WebmasterWorld Senior Member 10+ Year Member



But none of these solutions takes into account that one specific ad may generate $2.00 for one click, but be worth 3c to the next click depending on where it's from and how likely G's guesswork thinks it is to convert.

Ads don't pay the same per click. What we get per click can vary widely for the same ad given the factors of time of click, location of click and many other factors only Google know about. The solutions mentioned seem to regard the epc of an ads as a constant - it isn't, so it may lead to blocking advertisers that generally pay well based on a few low value clicks, or blocking MFA's based on a couple of OK(ish) clicks.

danimal

4:13 pm on Sep 25, 2006 (gmt 0)



>>>With my click tracking scripts, I Do track what particular Ad is clicked.<<<

does it record the exact text of the ad at the time it was clicked? how do you know that the advertiser didn't rotate his ads? some ads are more effective than others.

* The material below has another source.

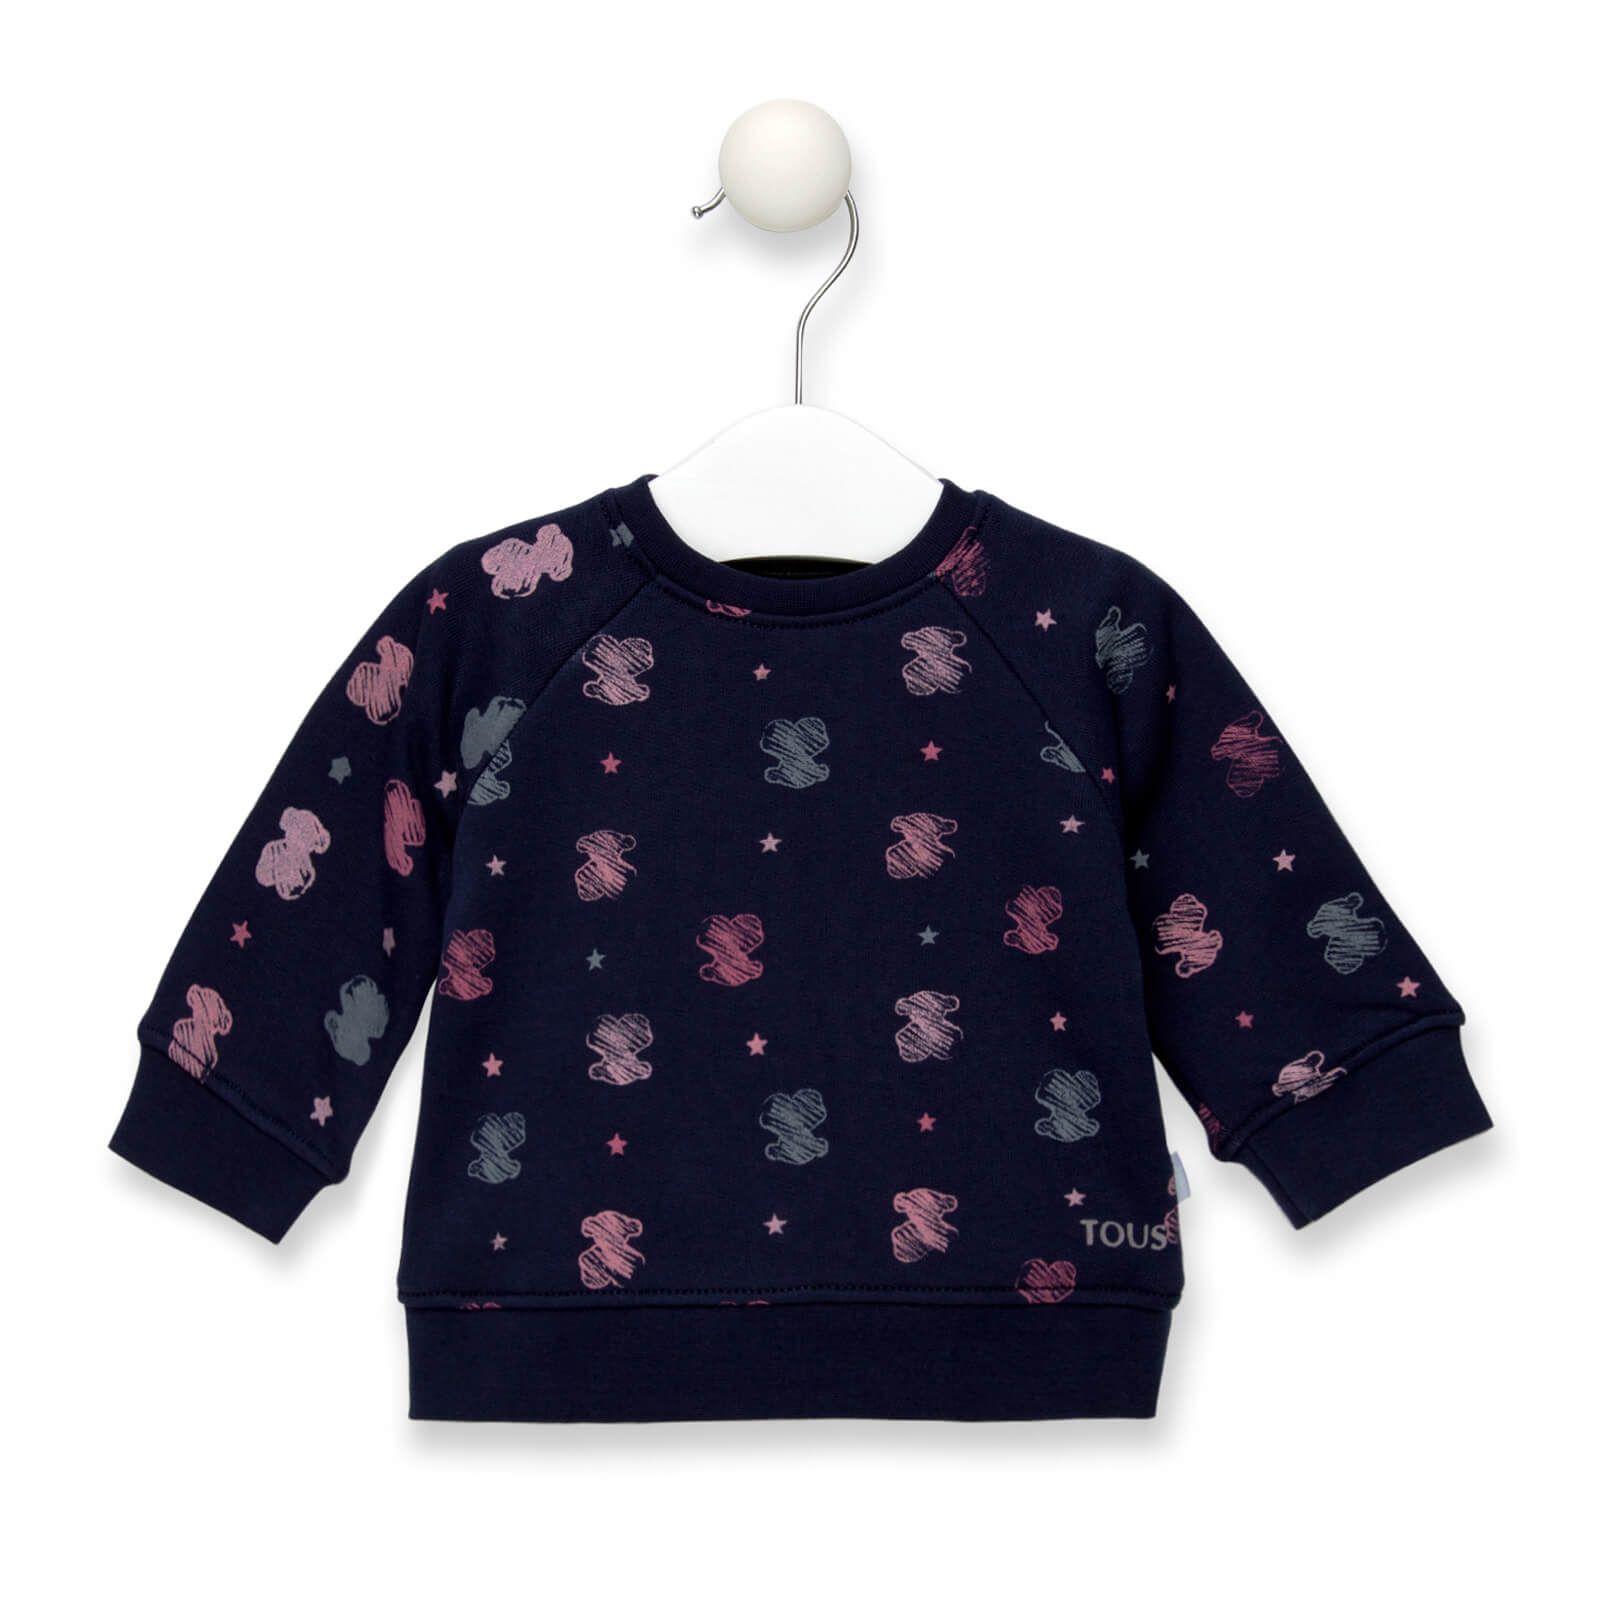 441fbac5a Abrigo niño baby tous orleans-910   BABY TOUS   Coat, Fur Coat y Jackets

does it tell you how many ads were in the ad block at the time that the ad was clicked? even if you had that data, you can't control the ad block configuration... so you'd be filtering advertisers based on incomplete data.

>>>So at the end of the day, I know how many times that Ad has been clicked.<<<

as david pointed out, the most you'll ever have is an average epc(not cpc), in part because google does not update it's reporting in a timely manner.

ronburk

5:30 pm on Sep 25, 2006 (gmt 0)

WebmasterWorld Senior Member 10+ Year Member



But none of these solutions takes into account that one specific ad may generate $2.00 for one click, but be worth 3c to the next click depending on where it's from and how likely G's guesswork thinks it is to convert.

Actually, by using one channel per click, you should be able to see any such variability directly. I would guess that for many ads on many sites, there will be little or no intra-day variation in payout.

rbacal

6:19 pm on Sep 25, 2006 (gmt 0)



Google can't figure out what it will do any longer - hence all the updates. If they don't know what it does any longer, it seems it's not a lot of point us expending effort to analyse it in any depth.

Not really accurate. Google will not know how a change will affect any given site, page, etc, or other small subset. It CAN know how it will affect the across the system performance, via modelling.